Flu-specific takeaways:

  • Early vaccines are significantly more effective than late vaccines.

  • Data shows that vaccines that start being administered early on in the epidemic tend to have a higher acceptance rate in the population.

  • There exists a time-sensitive “critical period” within a few weeks of the peak of an epidemic where the effectiveness of the vaccines is extremely time-dependent. This is the time when it is important to vaccinate as much of the population as possible.

  • Practitioners taking these points into account and combining them with OR resource allocation methods will see significant improvements in the benefits of available vaccine.

2.10 Conclusion

The use of OR methods to address homeland security issues, such as an influenza pandemic, forces a logical and systematic examination of the whole problem, rather than just certain parts of it. Commonly, the result is to uncover relationships that are non-intuitive, or even counter-intuitive. An improved understanding of the whole problem can benefit planning at strategic, tactical, and operational levels.

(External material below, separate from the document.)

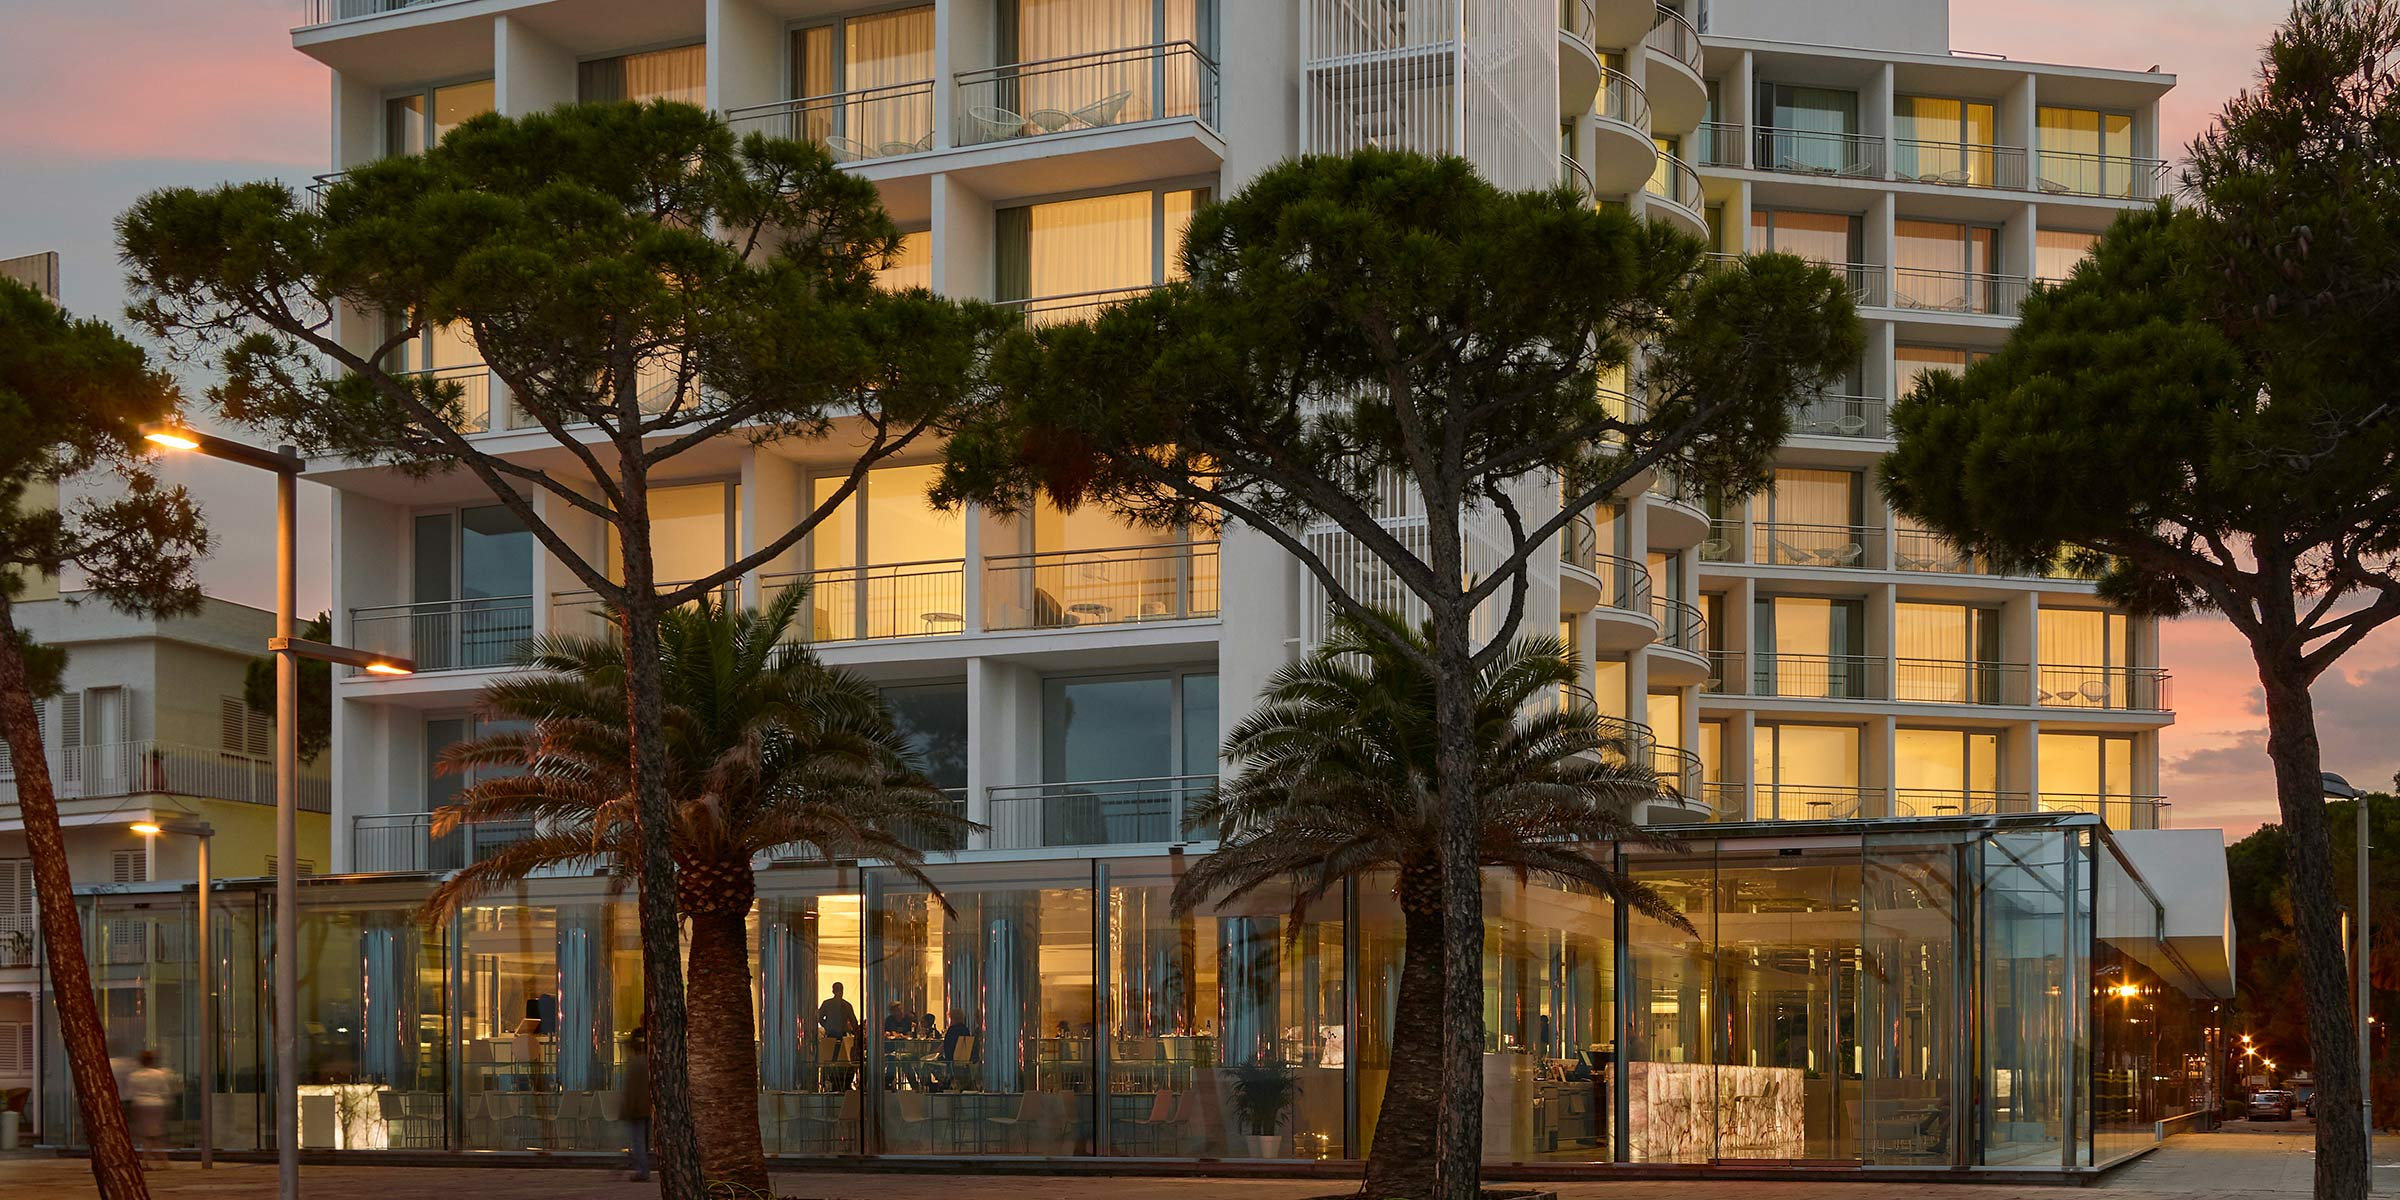 Ventanas-aluminio-calidad-Thermia-Barcelona-AR62_hotelAromar

Let us again consider the context of the allocation of vaccine by the CDC to the individual states once a pandemic is already underway. If and when a southern state, for example, experiences a wave of cases, a natural tendency would be to make a tactical decision to ship via express courier the state’s proportional share of the vaccine to address what appears to be an imminent, growing problem. But the total system situation is far more complicated than a one-state-at-a-time decision analysis. Consider Scenario 1: The southern states are just now experiencing a rapidly rising flu wave and the northern states do not yet have the flu. In this situation, the southern states should receive priority and be shipped a number of vaccines above their proportional population share. This is because the northern states can wait without significant penalty. Now consider Scenario 2: The vaccines are delayed and the southern states have all reached peak, herd immunity has occurred, and their respective flu waves have started to decrease. By the time the vaccine reaches the southern state in question, many who were sick would have recovered, are now immune, and risks to remaining healthy persons have become much less. A better decision would be to increase the allocation to more vulnerable northern regions that had so far seen few cases and must have many more susceptible individuals.

The results of one OR analysis might suggest the need for others. For example, it is highly likely that a time interval will exist after cases of illness are recognized, but before vaccine can be produced and distributed. The value of diligent hygiene and social distancing, especially under these circumstances, are already widely recognized. In planning for future outbreaks of illness, it would be useful to quantify the benefits of devoting resources to systematic campaigns to modify certain patterns of personal behavior, in relation to the effort’s costs.

A great benefit of operations research is that it forces a logical and systematic consideration of all aspects of a problem. Pandemics and other LPHC events gravely threaten lives and the security of our homeland. We are hopeful that the approaches we have described offer the prospect of mitigating the future impact of these kinds of adverse events.